Redox regulation of angiogenesis is an important and emerging topic in vascular sciences; reactive oxygen species (ROS) modulate vascular endothelial cell (EC) proliferation and migration, but the molecular mechanism underlying this phenomenon remains largely unclear. We have shown micromolar concentrations of the pro-angiogenic metabolite deoxyribose-1-phosphate (dRP) detected by mass spectrometry (MS) and nuclear magnetic resonance (NMR) in the supernatants of collagen- and thrombin-stimulated platelets. The genetic silencing of dRP-generating enzymes uridine phosphorylase (UP) and thymidine phosphorylase (TP) in mouse platelets significantly reduced the levels of dRP in platelet supernatants and impaired the ability of protein-free platelet supernatants to enhance human umbilical vein endothelial cell (HUVEC) motility. Chick chorioallantoic membrane (CAM) vascularisation assays performed with protein-free supernatants suggested that the release of dRP by platelets stimulates angiogenesis in vivo.

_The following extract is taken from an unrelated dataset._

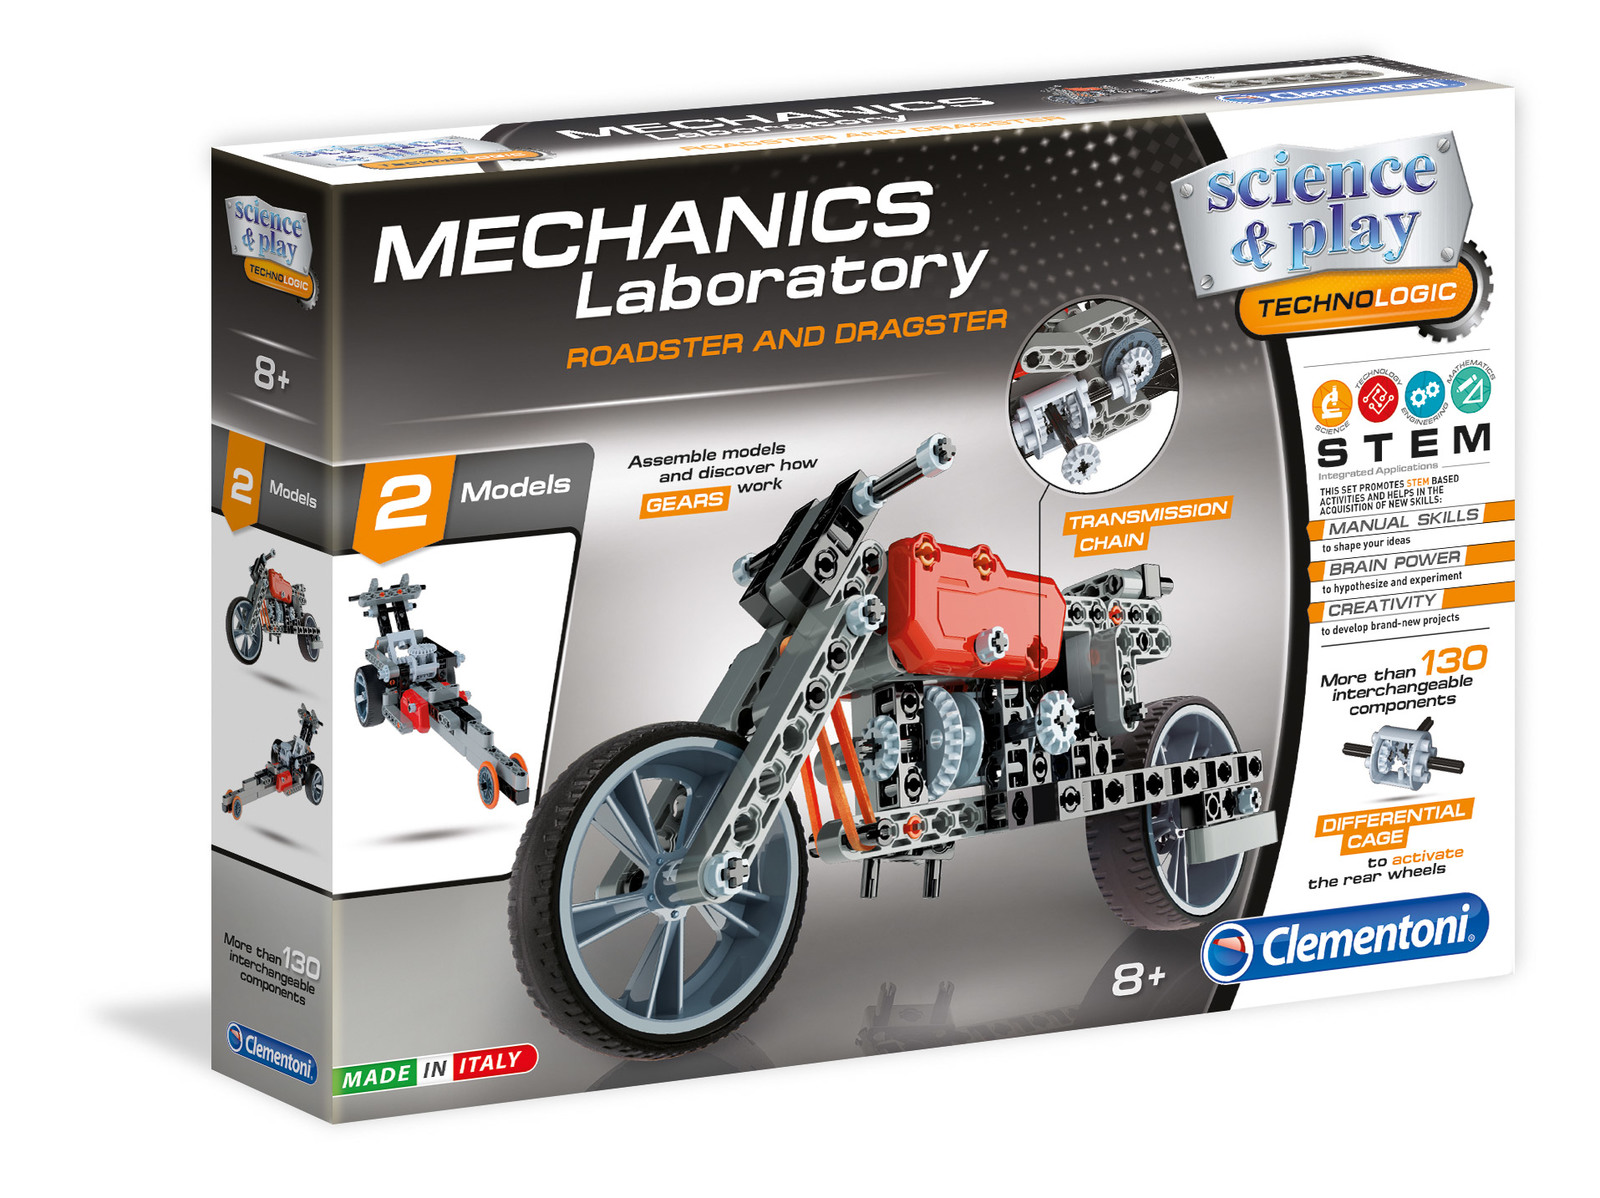 Clementoni Mechanical Laboratory-როადსტერი და დრაგსტერი

To understand the pro-angiogenic effect of dRP, we investigated further the molecular mechanism of action of dRP and whether this effect was observed in other nucleoside derivatives deoxyribose-5-phospate (dR5P), ribose-1-phosphate (R1P) and deoxyribose (dR). Using live cell real-time confocal imaging and fluorescence assays, HUVEC treatment with dRP significantly increased ROS generation. Similarly, dR5P and R1P also induced ROS accumulation in HUVECs, whereas dR did not. The protein expression of the redox stress marker heme oxygenase-1 (HO-1) and Integrin β3 were shown to be upregulated by dRP and its phosphorylated derivatives (except dR) by immunoblot experiments. Vascular endothelial growth factor (VEGF), vascular endothelial growth factor receptor 2 (VEGFR2), interleukin 8 (IL-8), and stromal cell-derived factor 1α (SDF-1α) showed a similar effect. In parallel, only dRP and its phosphorylated derivatives increased HUVEC cell motility in scratch-healing assays and capillary tube formation using Matrigel™ assays. The causative link between integrin β3 upregulation and increased HUVEC motility/capillary tube formation was proved using integrin-specific inhibitory antibodies'. Furthermore the angiogenic potential of dRP was confirmed in vivo.
In summary, dRP and its phosphorylated derivatives were shown to play a relevant role in the paracrine regulation of EC motility and pro-angiogenic activity by up-regulating integrin β3 in a ROS-dependent manner possibly signaling via VEGFR2. dRP is likely to play a role in the stimulation of postnatal angiogenesis and tissue regeneration.